_Task to carry out:_ Type out the complete listing below word for word, without its pictures.

_Exercise data:_
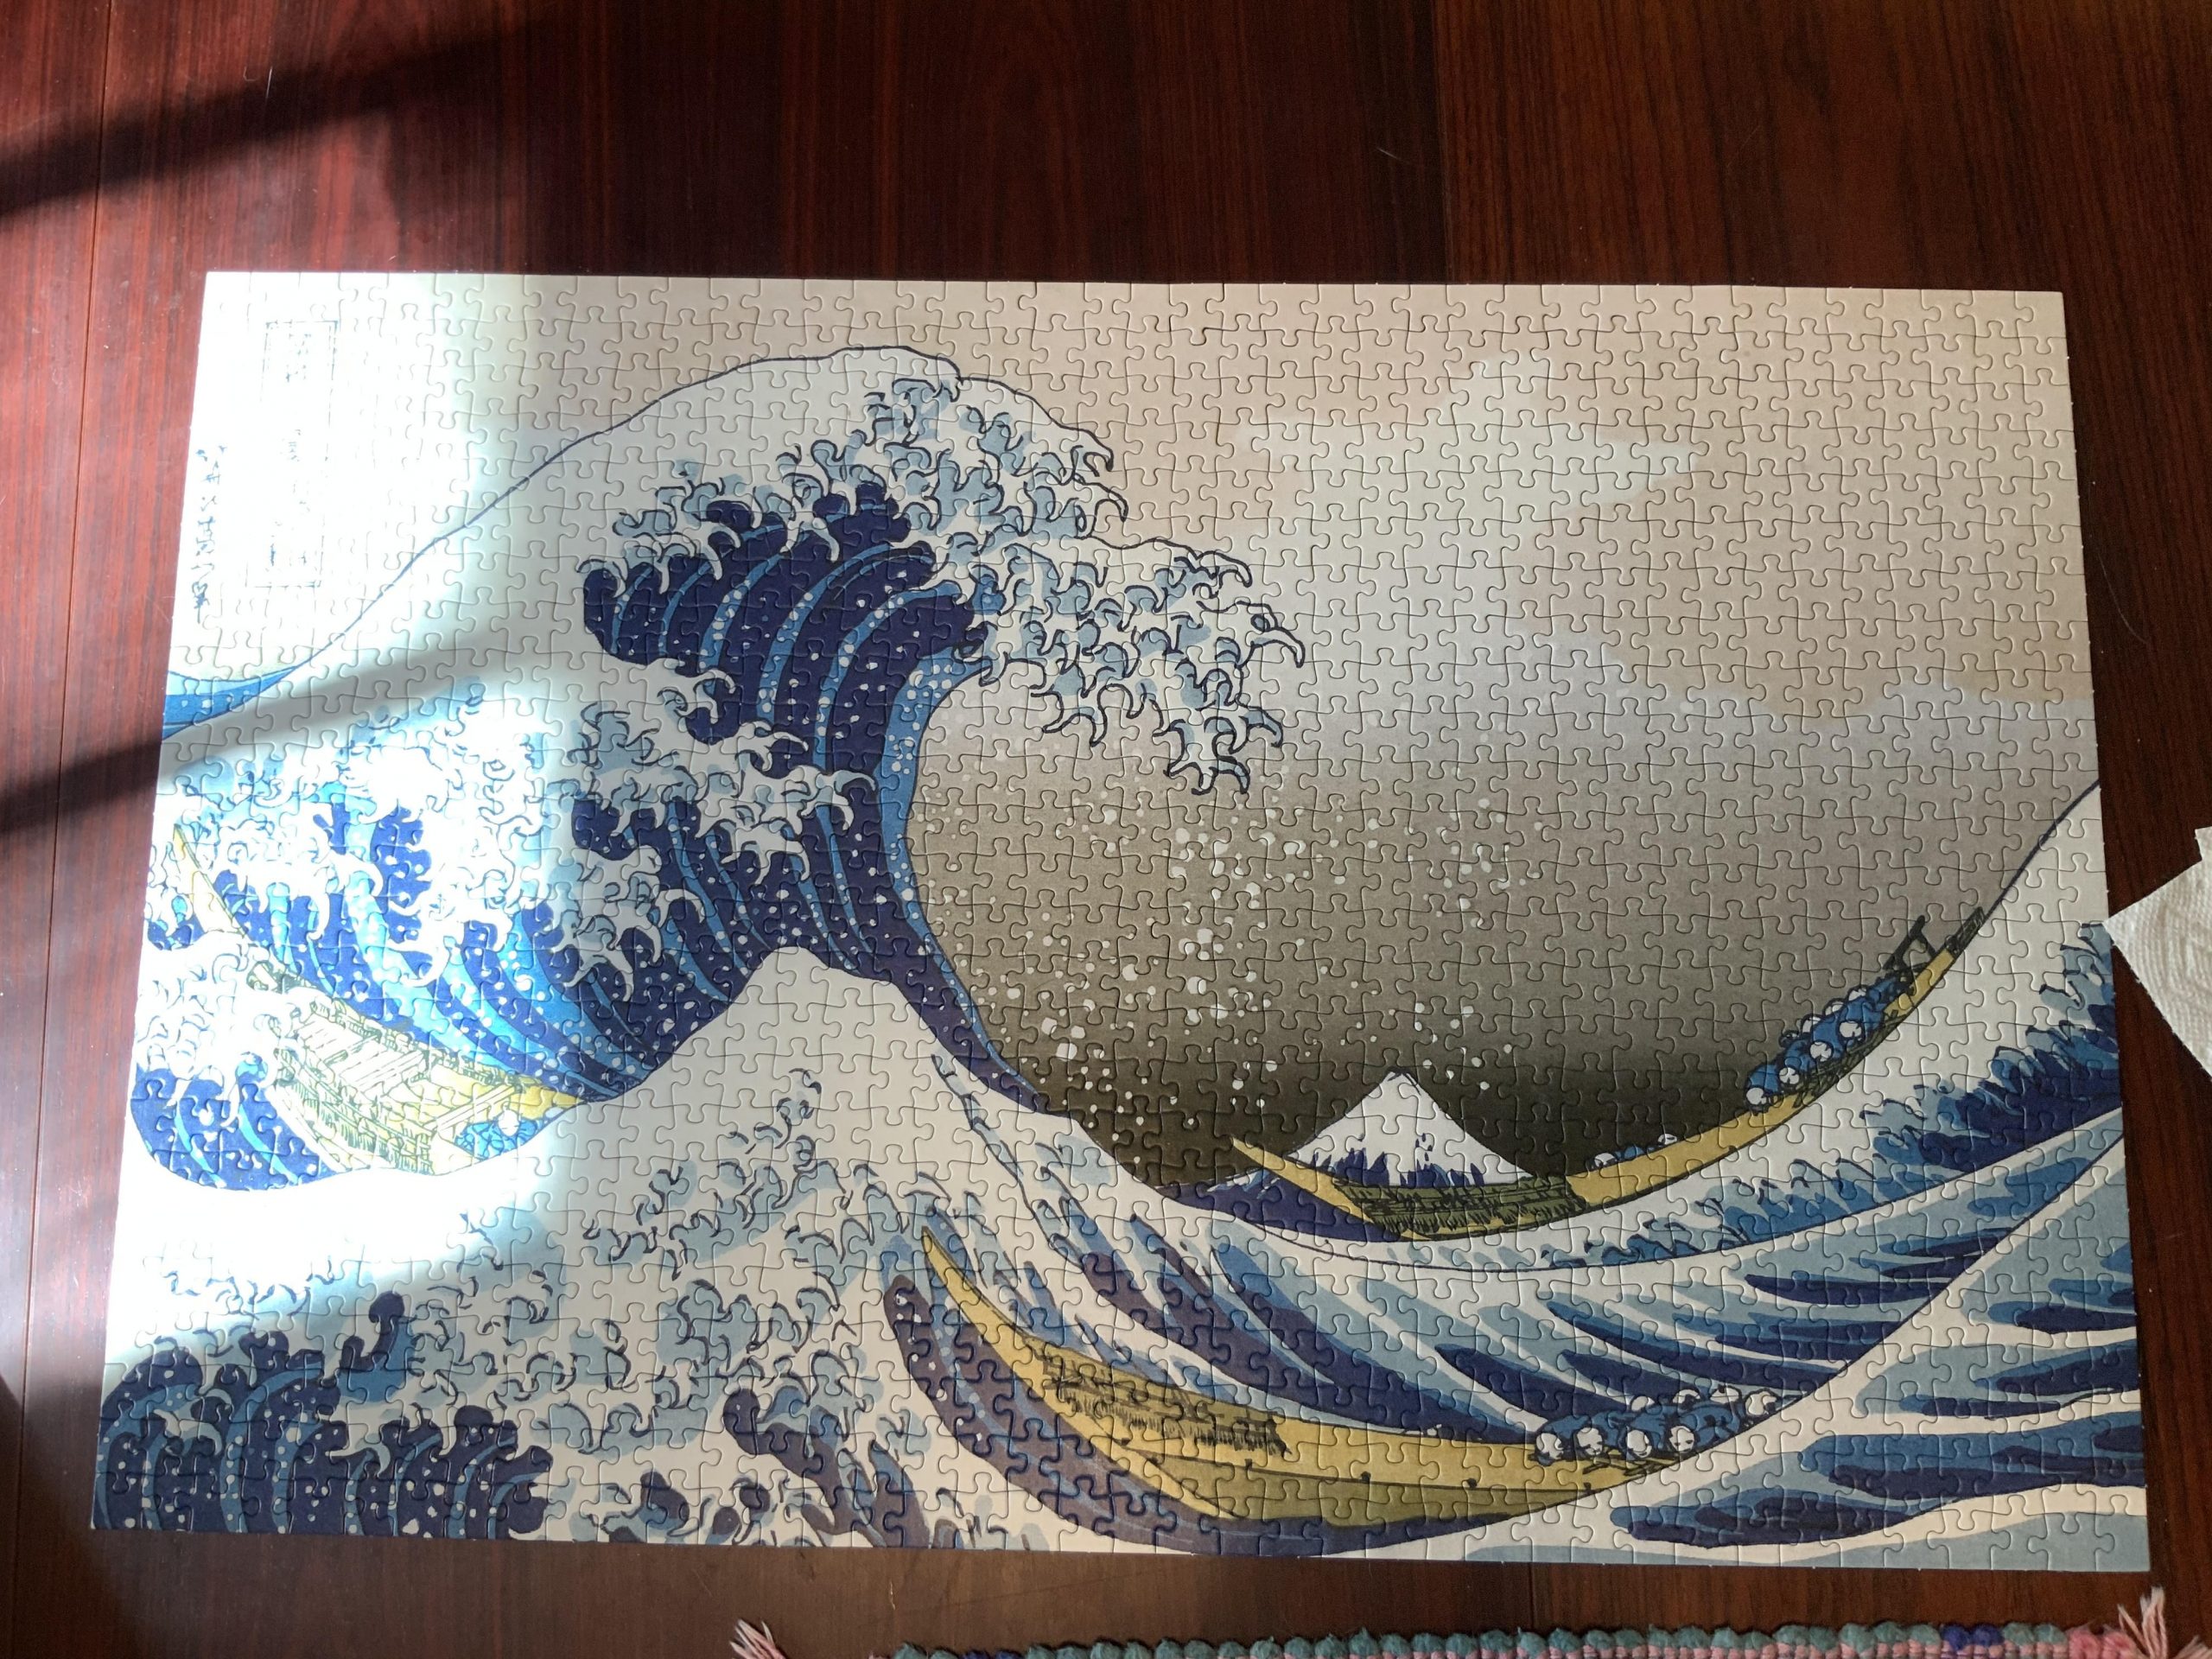 “The Great Wave off Kanagawa” by Katsushika Hokusai puzzle
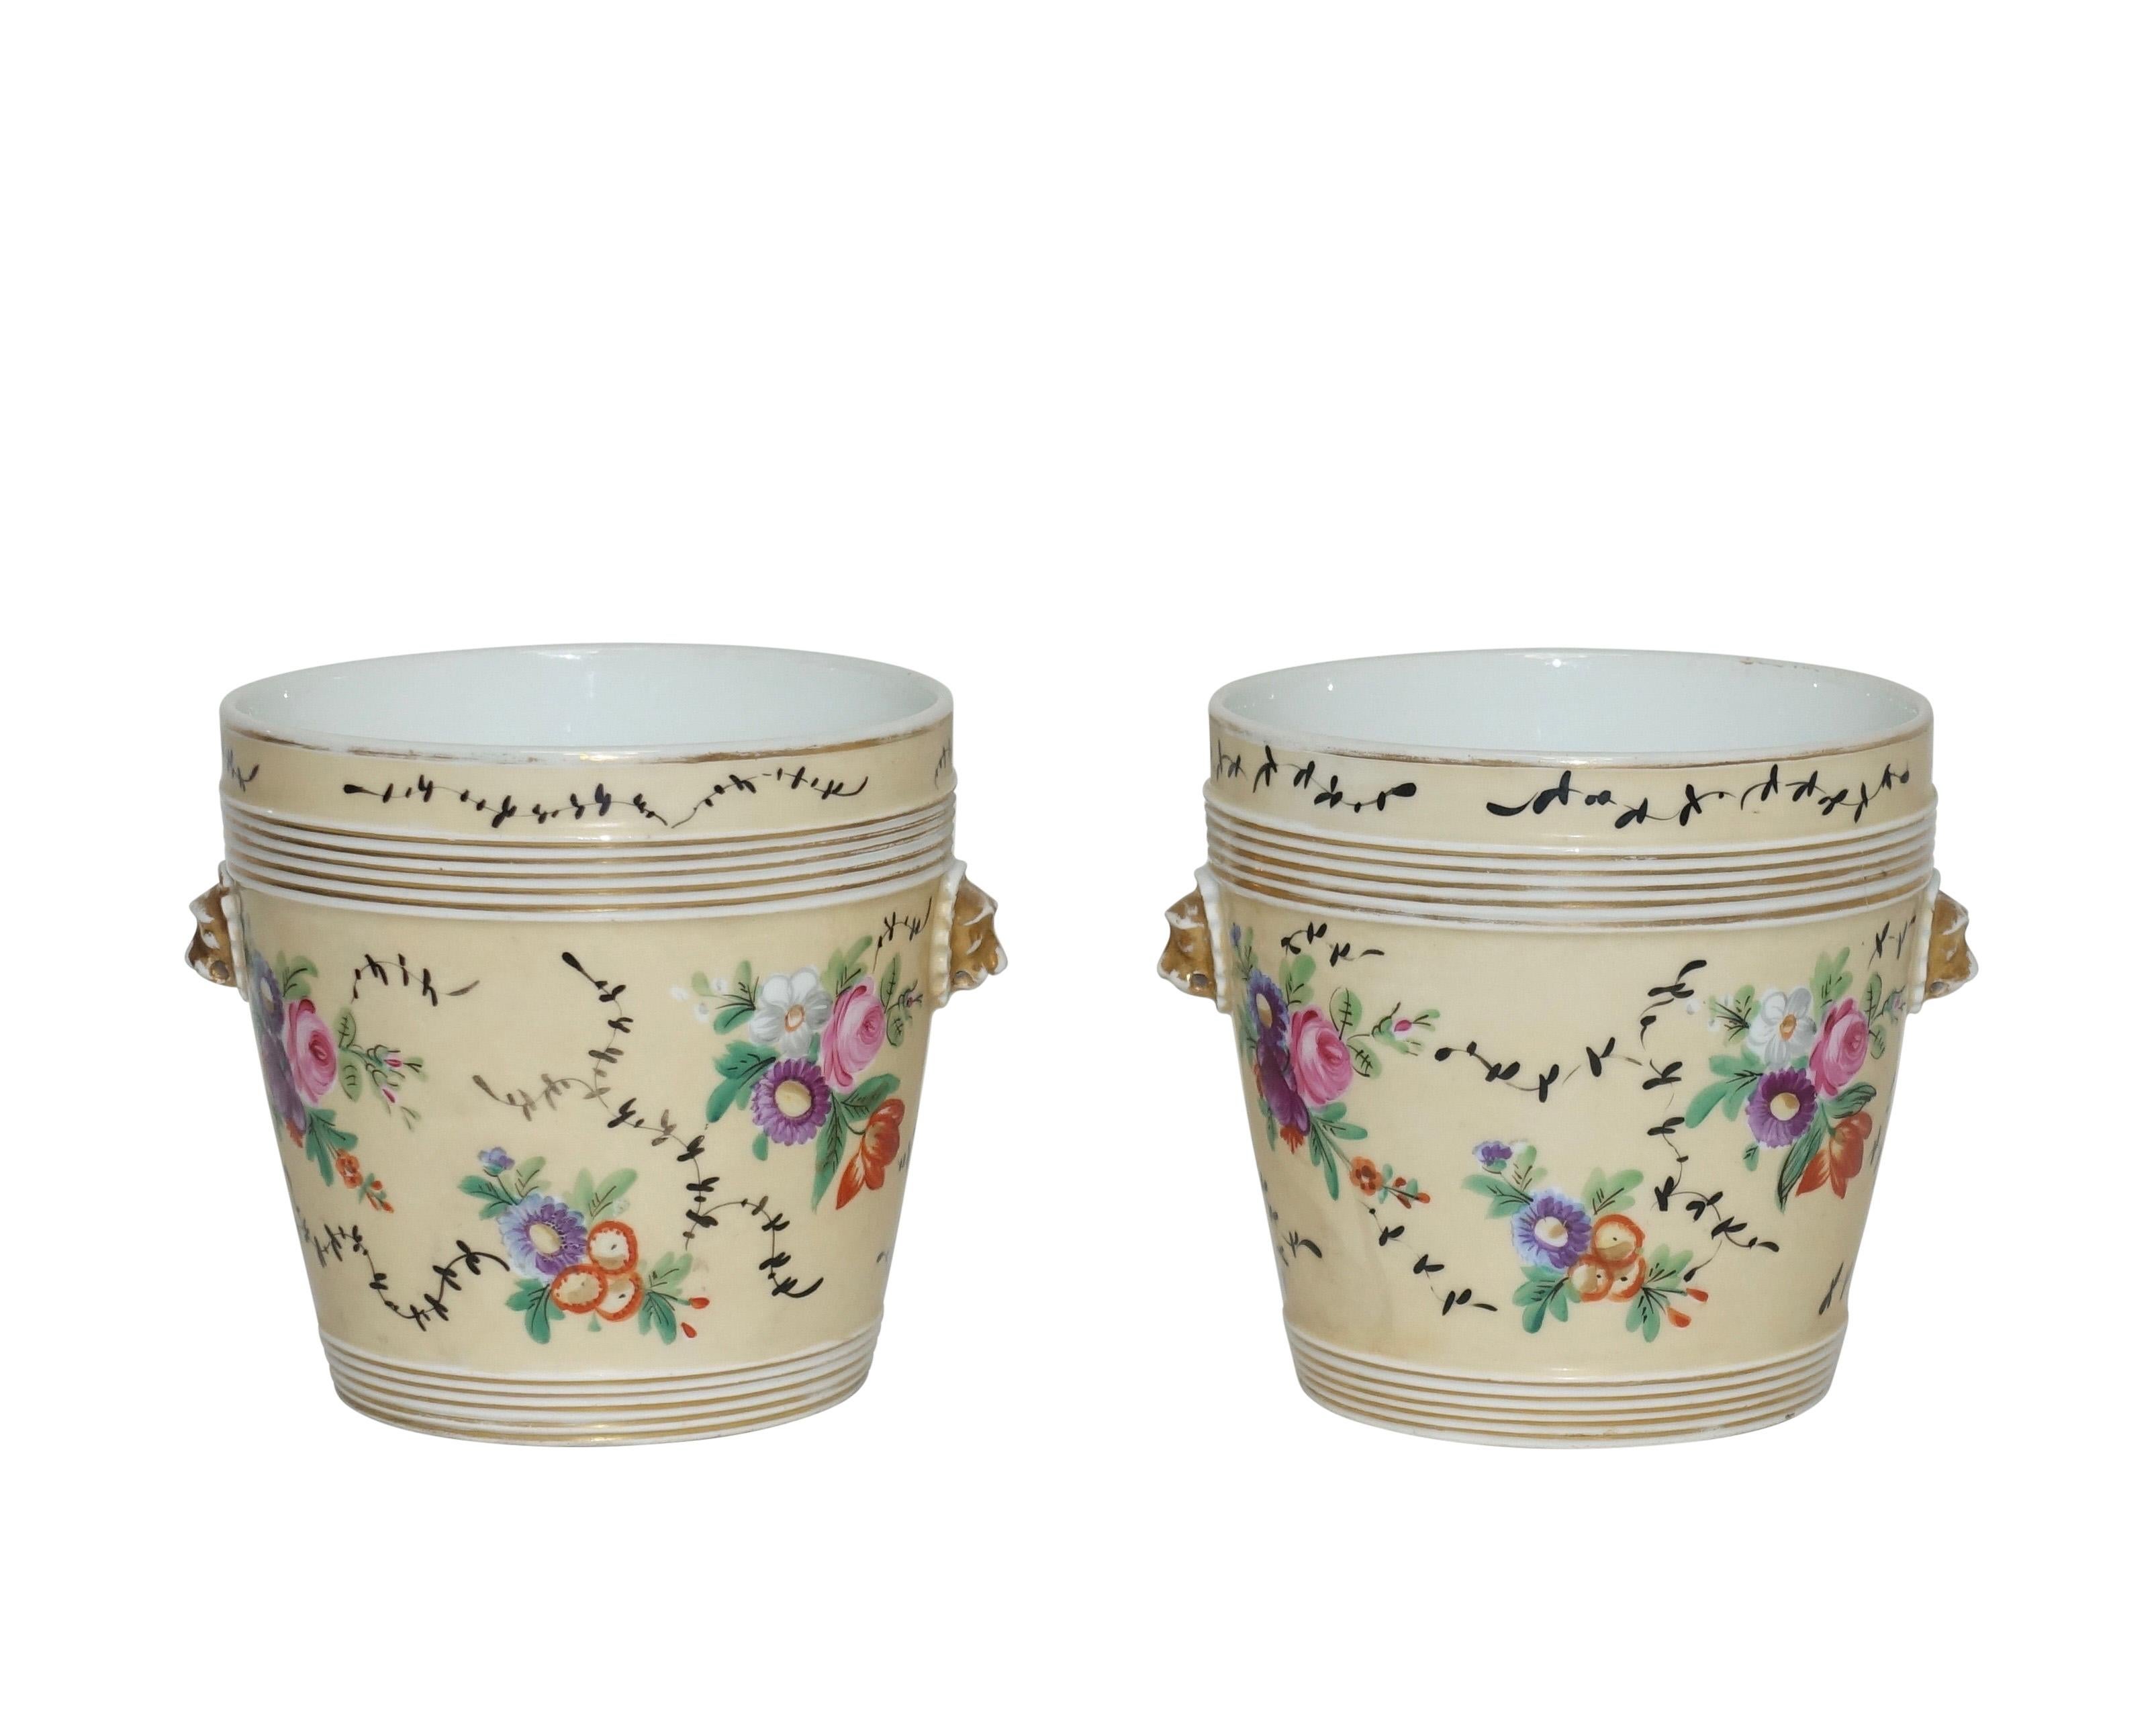 A pair of Paris porcelain cachepots with hand-painted floral decoration, France, mid-19th century.

 
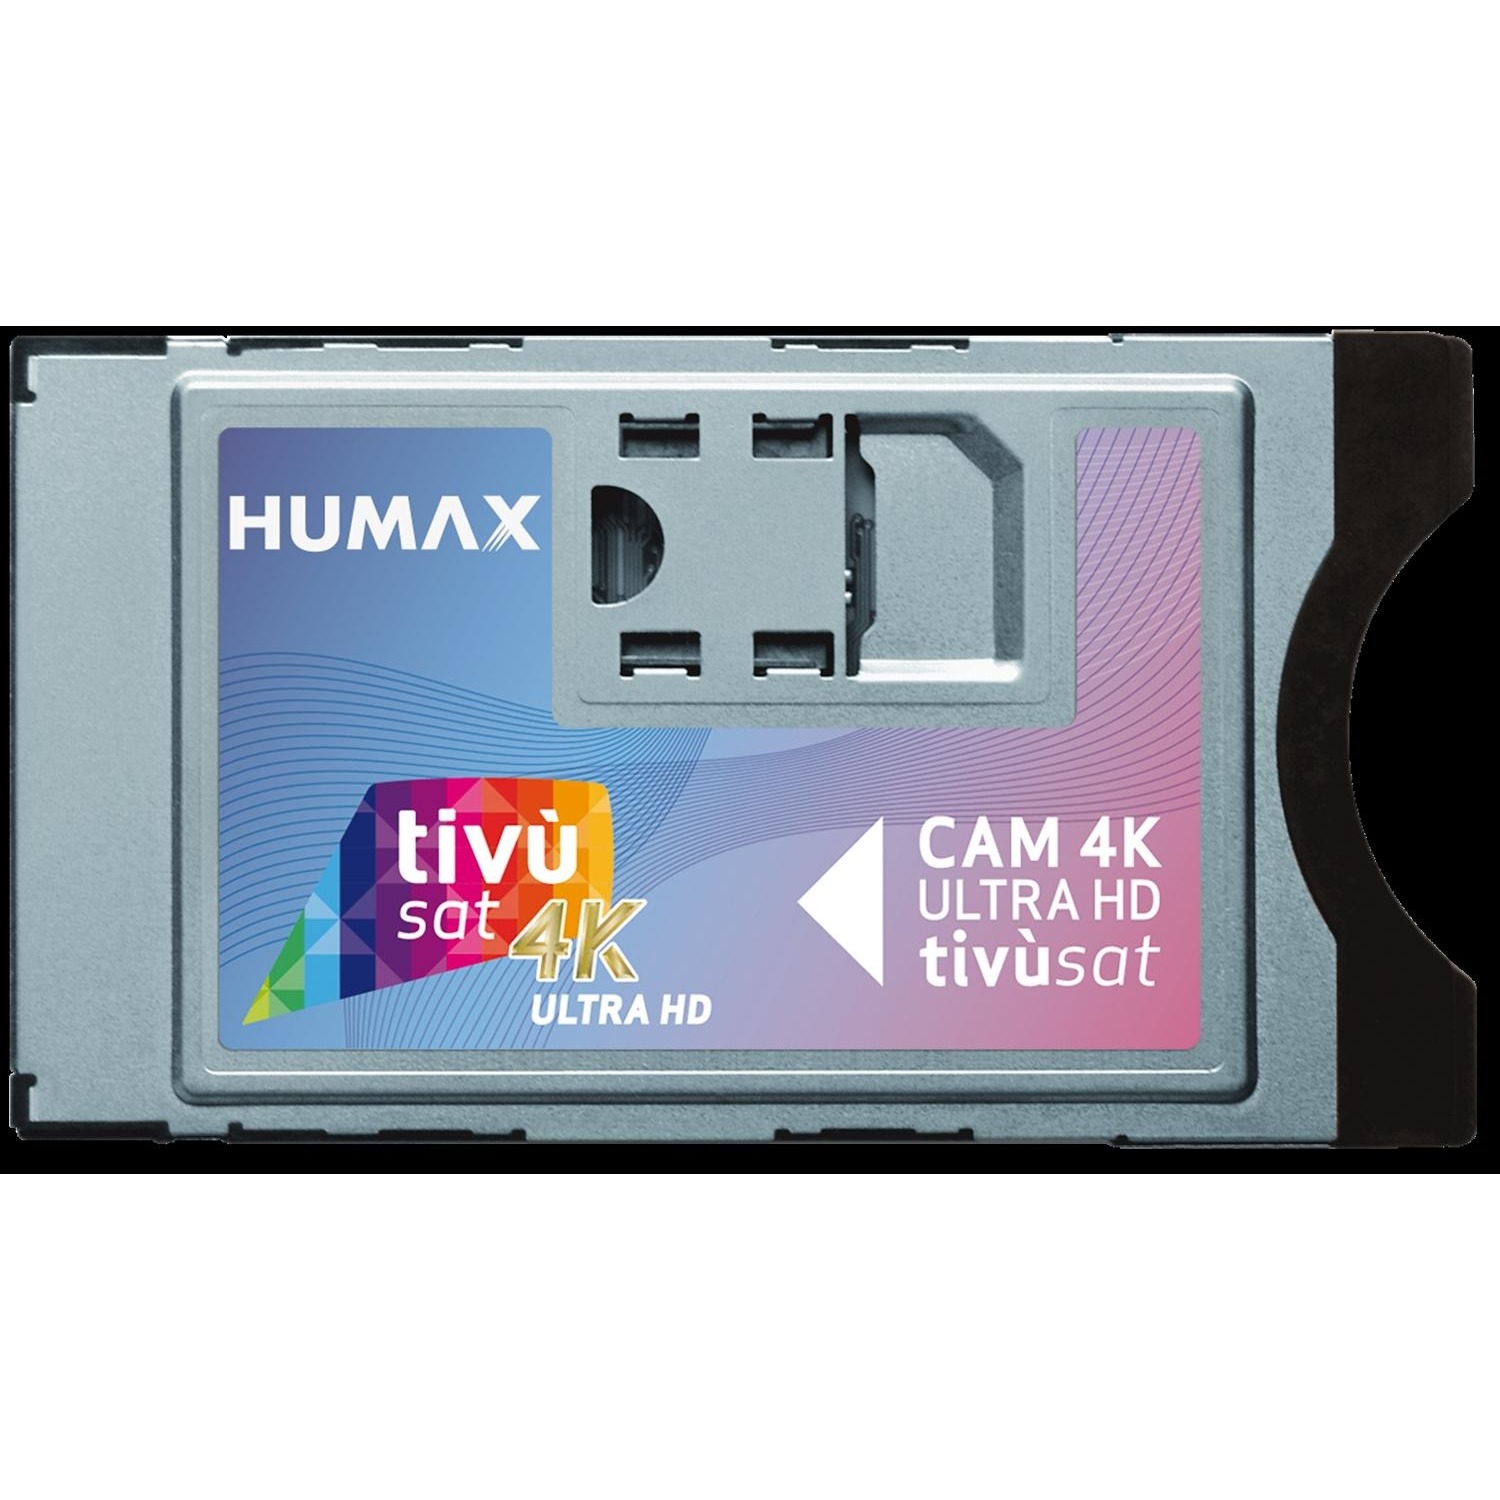 Immagine per Modulo CAM Humax Tivùsat 4K UHD da DIMOStore

_Response to the task:_
 “The Great Wave off Kanagawa” by Katsushika Hokusai puzzle
 A pair of Paris porcelain cachepots with hand-painted floral decoration, France, mid-19th century.

 
 Immagine per Modulo CAM Humax Tivùsat 4K UHD da DIMOStore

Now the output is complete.